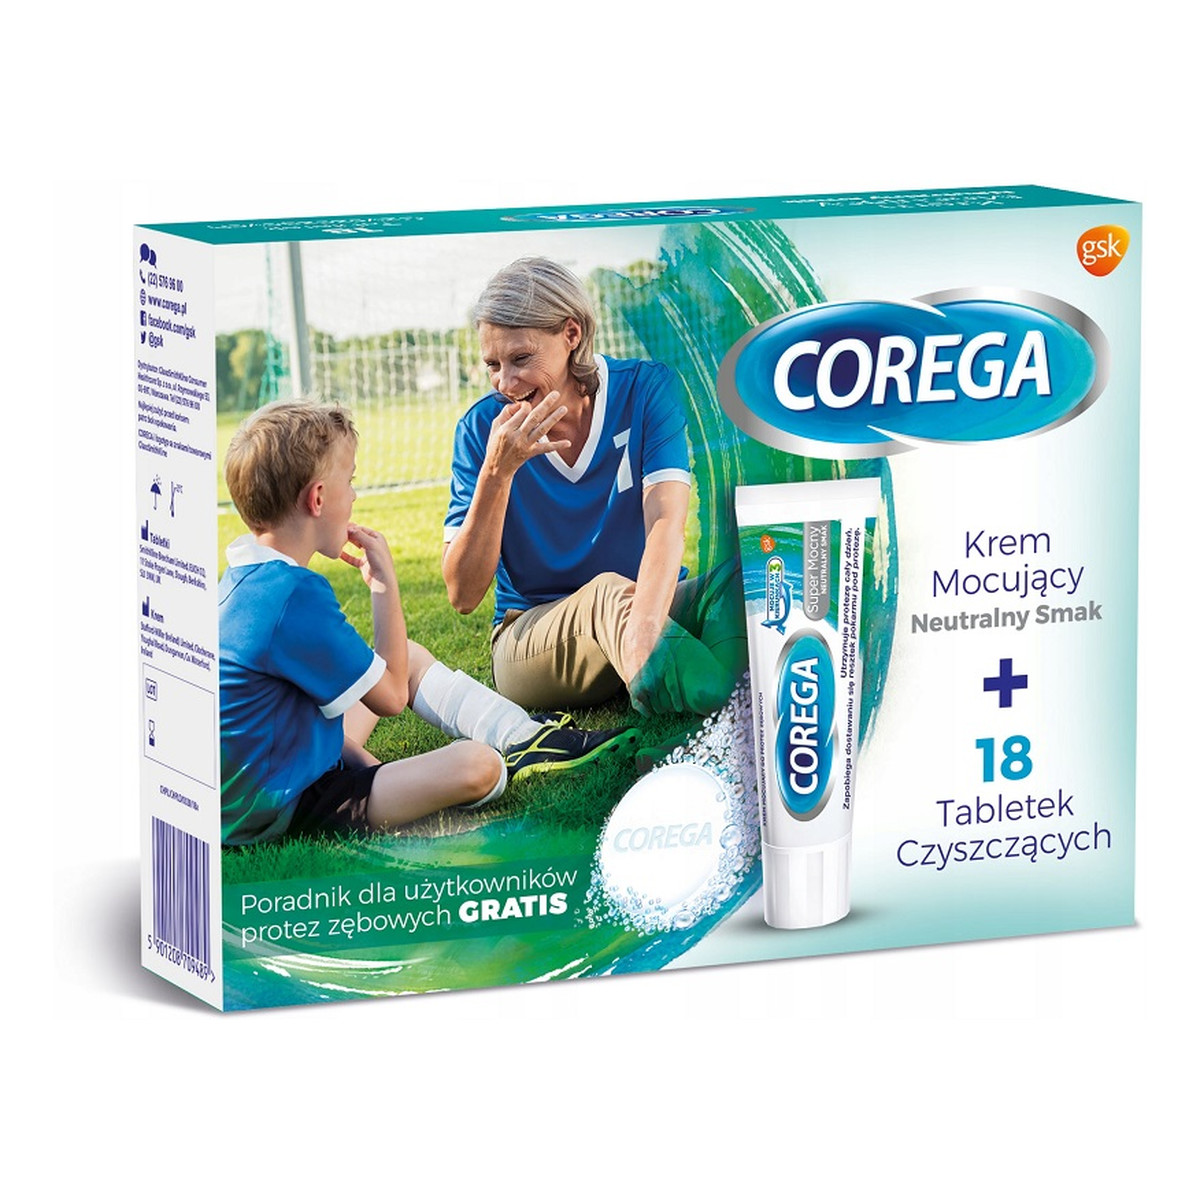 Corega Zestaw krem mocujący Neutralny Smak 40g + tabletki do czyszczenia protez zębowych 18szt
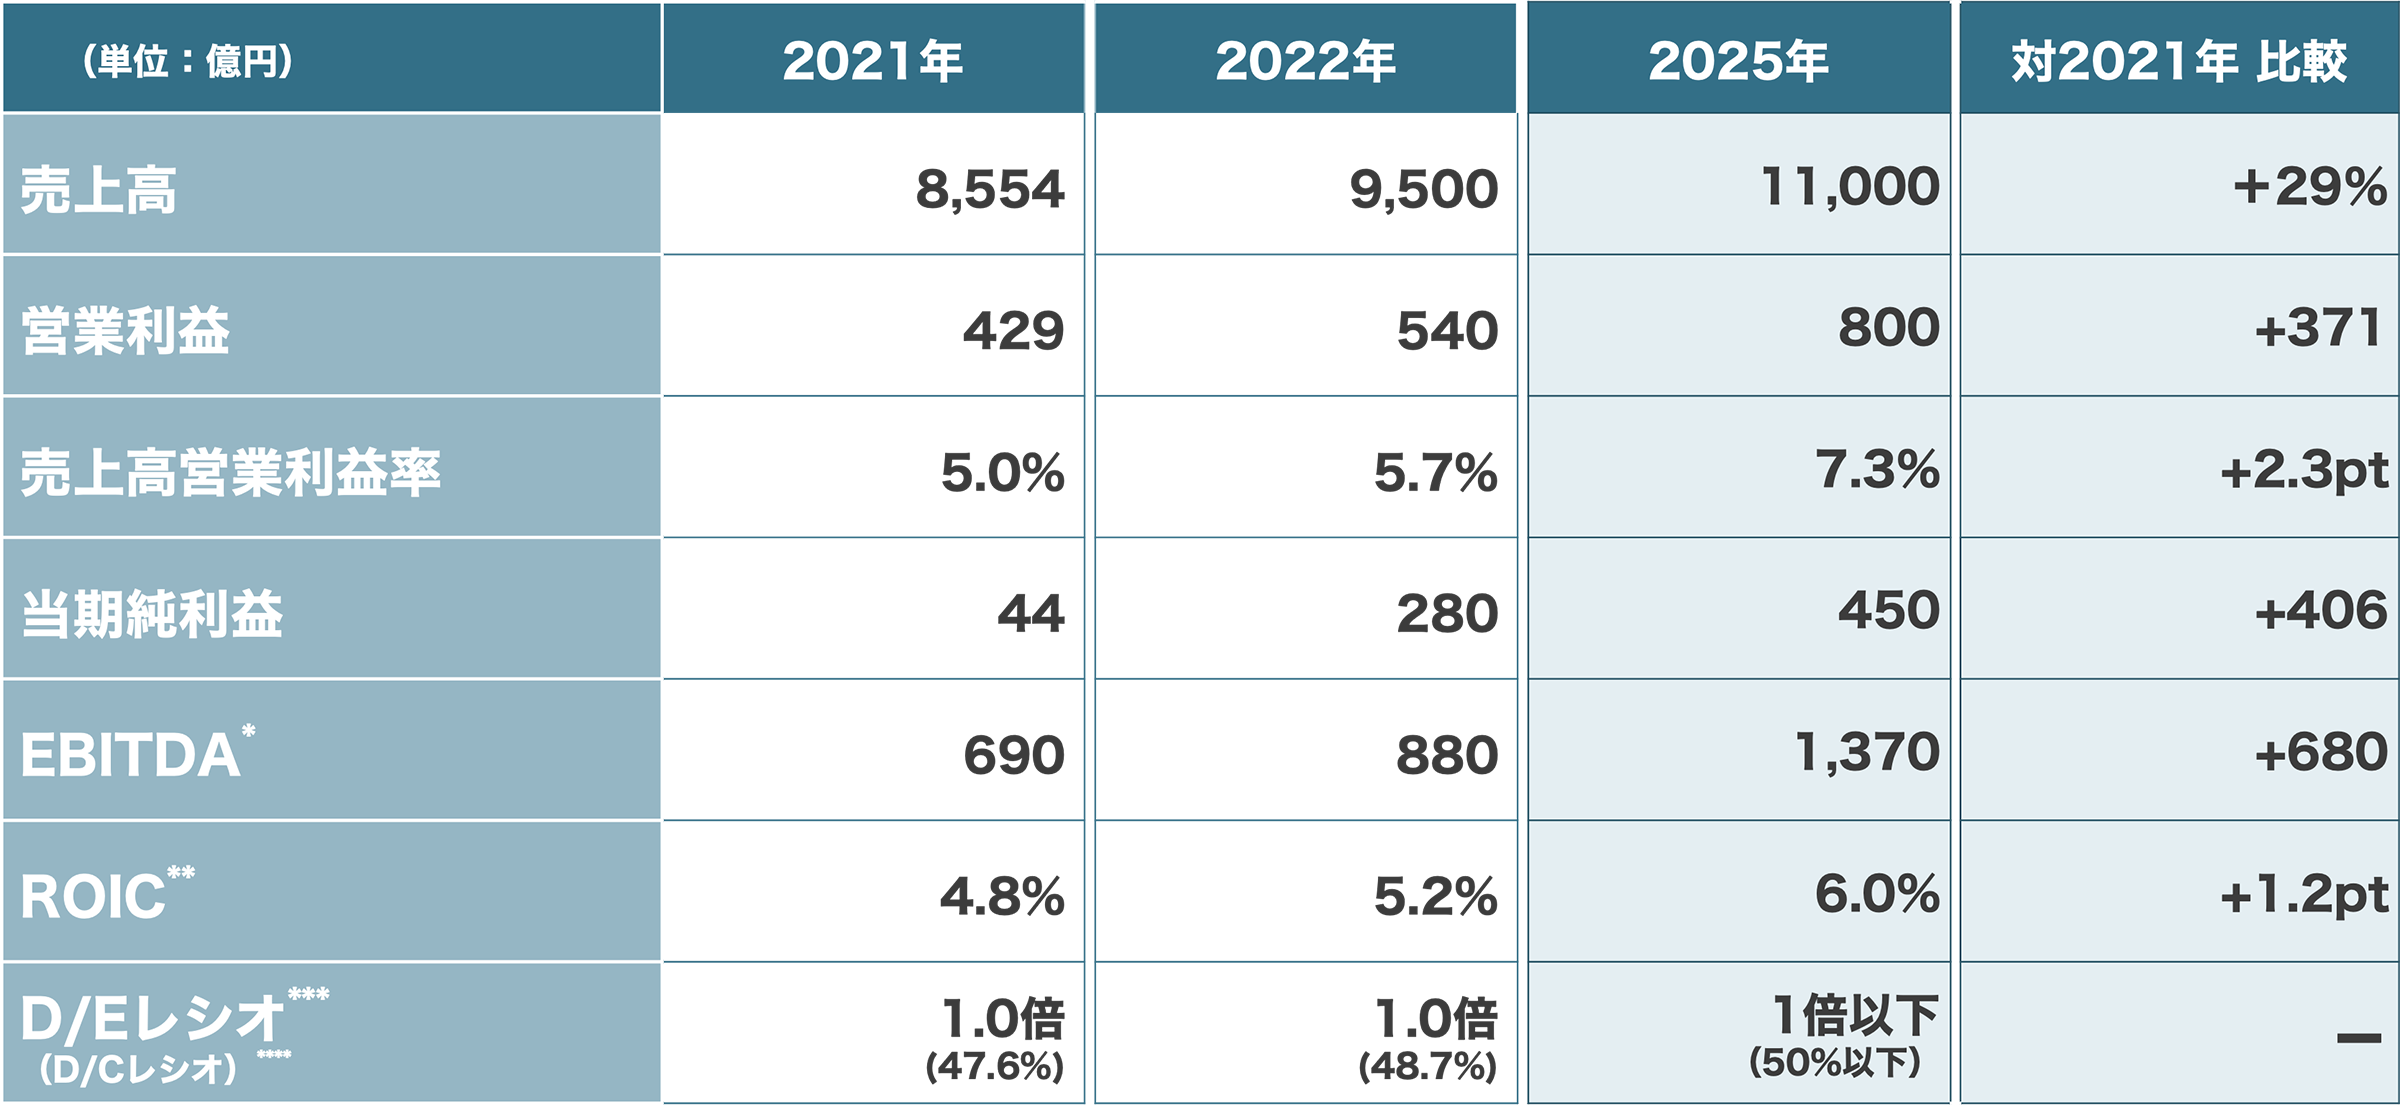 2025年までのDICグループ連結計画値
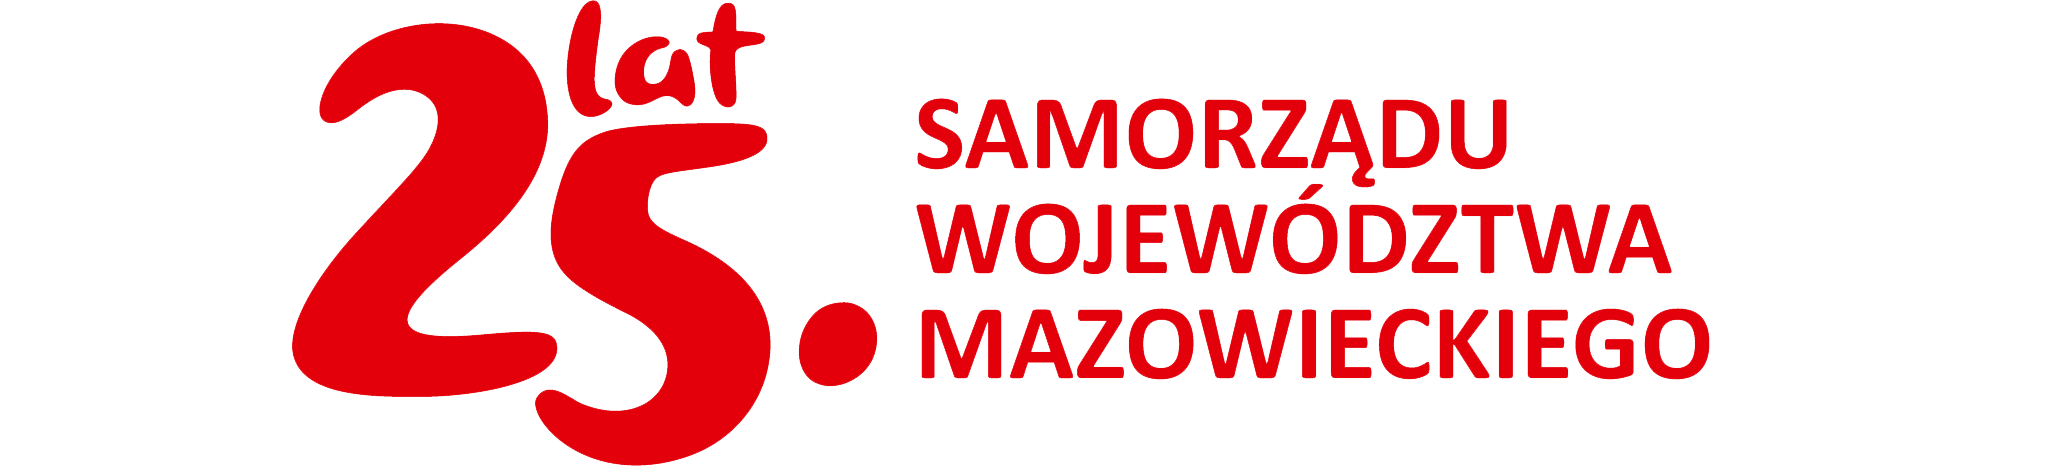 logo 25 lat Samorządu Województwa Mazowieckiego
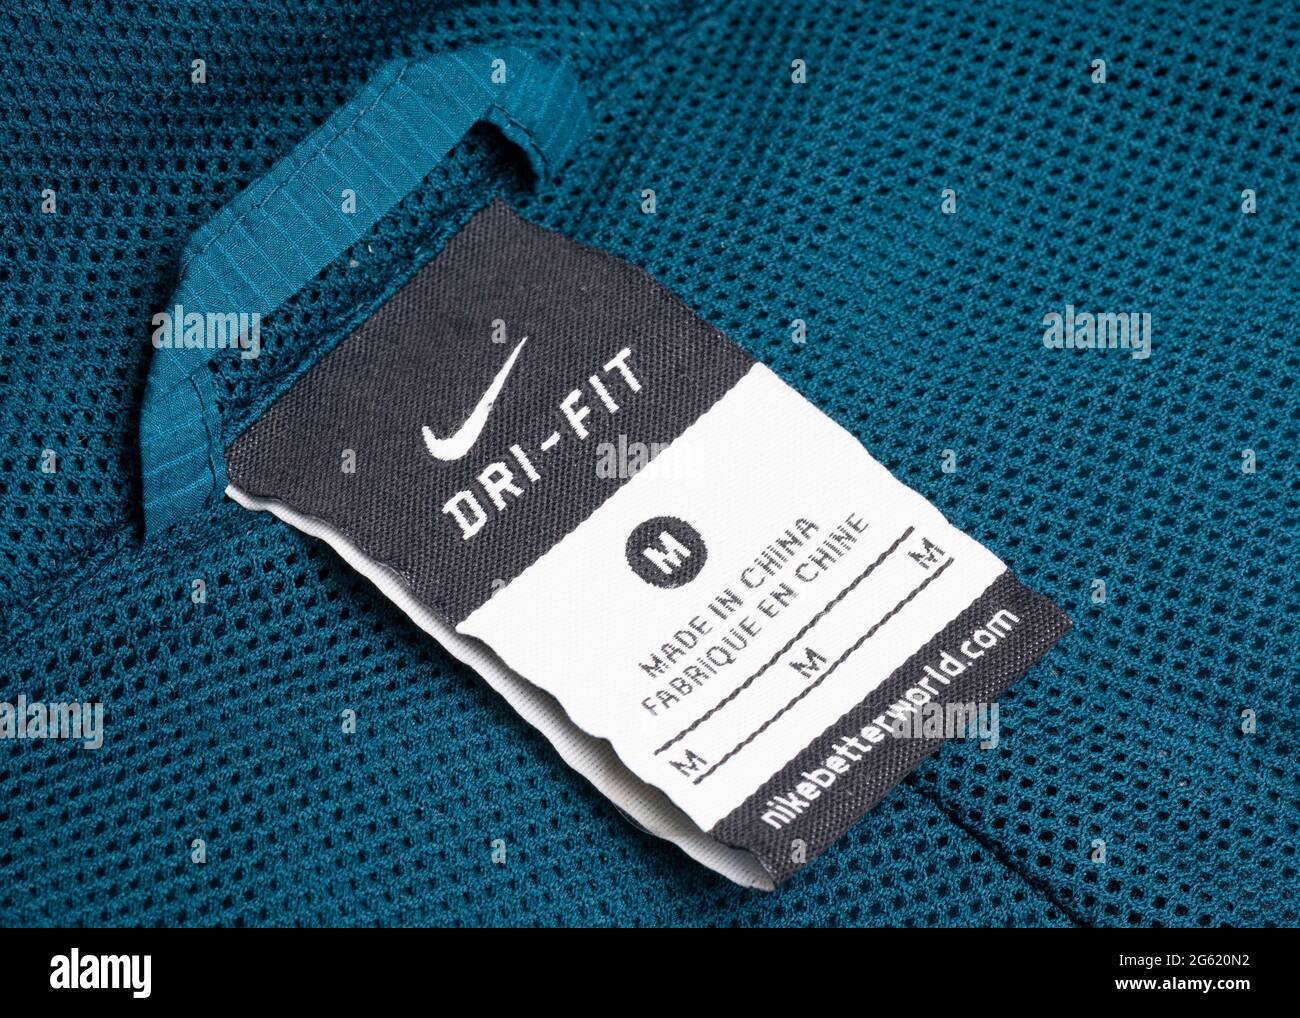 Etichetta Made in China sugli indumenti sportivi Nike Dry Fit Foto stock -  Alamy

■ ■ ■

* [TRY IT]: Leave out the images and repeat the rest of the data word for word.

* [WRITTEN ANSWER]:
 Corega Zestaw krem mocujący Neutralny Smak 40g + tabletki do czyszczenia protez zębowych 18szt
 2025年までのDICグループ連結計画値
 logo 25 lat Samorządu Województwa Mazowieckiego
 Etichetta Made in China sugli indumenti sportivi Nike Dry Fit Foto stock -  Alamy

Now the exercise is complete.